Binary Tree Right Side View

 Problem

Binary Tree Right Side View

Given a binary tree, imagine yourself standing on the right side of it, return the values of the nodes you can see ordered from top to bottom.

Example:

Input: [1,2,3,null,5,null,4]

Output: [1, 3, 4]

Explanation:

   1            <---

 /   \

2     3         <---

 \     \

  5     4       <---

Solution

We can do level traversal the tree and add the last element of a level to the result. For level traversal, we can use a queue to store the elements in the next level, and use the size to remember how many elements to process for the next level.

import java.util.*;

class Solution {

  public static void main(String[] args) {

    Node root = new Node(1, 

                        new Node(2, null, new Node(5, null, null)),

                        new Node(3, null, new Node(4, null, null)));

    List<Integer> result = solve(root);

    result.stream().forEach(System.out::println);

  }

  private static List<Integer> solve(Node root) {

    List<Integer> result = new ArrayList<>();

    if(root == null) return result;

    Queue<Node> queue = new ArrayDeque<>();

    queue.offer(root);

    int size = queue.size();

    while(!queue.isEmpty()) {

      for(int i = 0; i < size; i++) {

        Node cur = queue.poll();

        if(cur.left != null) 

          queue.offer(cur.left);

        if(cur.right != null)

          queue.offer(cur.right);

        if(i == size - 1)

          result.add(cur.val);

      }

      size = queue.size();

    }

    return result;

  }

  static class Node {

    int val;

    Node left;

    Node right;

    public Node(int val, Node left, Node right) {

      this.val = val;

      this.left = left;

      this.right = right;

    }

  }

}

The time complexity is O(N) because we need to touch each node, and space complexity is O(N) because the queue in the worst can grow to N/2.
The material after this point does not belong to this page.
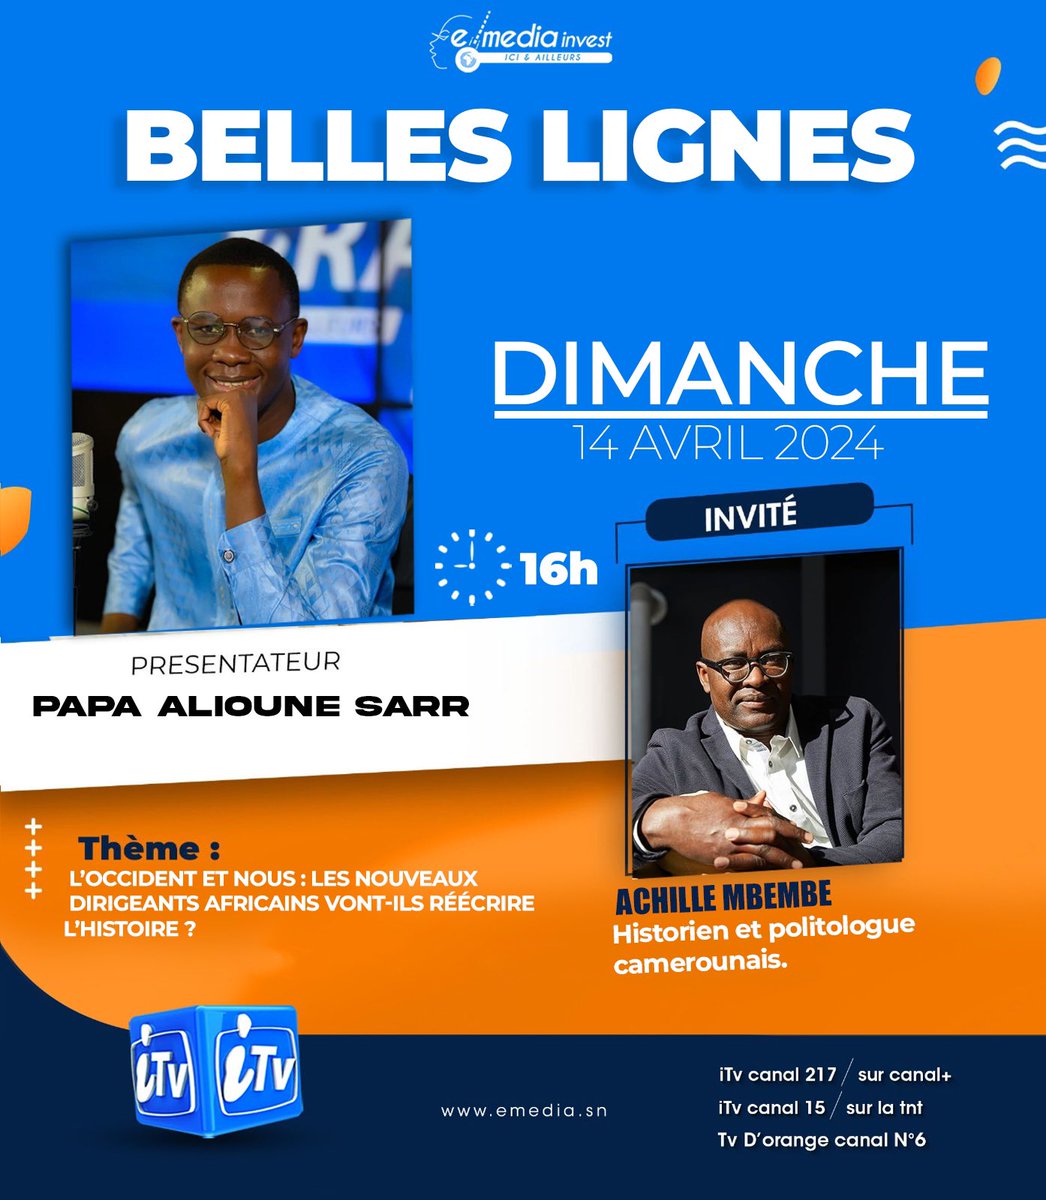 #Belleslignes avec l’écrivain et historien camerounais Achille Mbembe. 

Ce dimanche à 16h sur @itv_sn

An alternative solution is to use recursive solution with a level marker. The right-most node will equal to the level marker then increase the level marker, so that the other nodes in the same level no longer equal to the level marker so won't be added to the final result.

import java.util.*;

class Solution {

  private List<Integer> result = new ArrayList<>();

  public static void main(String[] args) {

    Node root = new Node(1, 

                        new Node(2, null, new Node(5, null, null)),

                        new Node(3, null, new Node(4, null, null)));

    Solution sol = new Solution();

    int level = 0;

    sol.dfs(root, level);

    sol.result.stream().forEach(System.out::println);

  }

  

  private void dfs(Node root, int level) {

    if(root == null)

      return;

    if(level == result.size()) {

      result.add(root.val);

    }

    if(root.right != null) {

      dfs(root.right, level + 1);

    }

    if(root.left != null) {

      dfs(root.left, level + 1);

    }

  }

  static class Node {

    int val;

    Node left;

    Node right;

    public Node(int val, Node left, Node right) {

      this.val = val;

      this.left = left;

      this.right = right;

    }

  }

}

The time complexity is O(N), the space complexity is O(H) which equal to the caller stack size.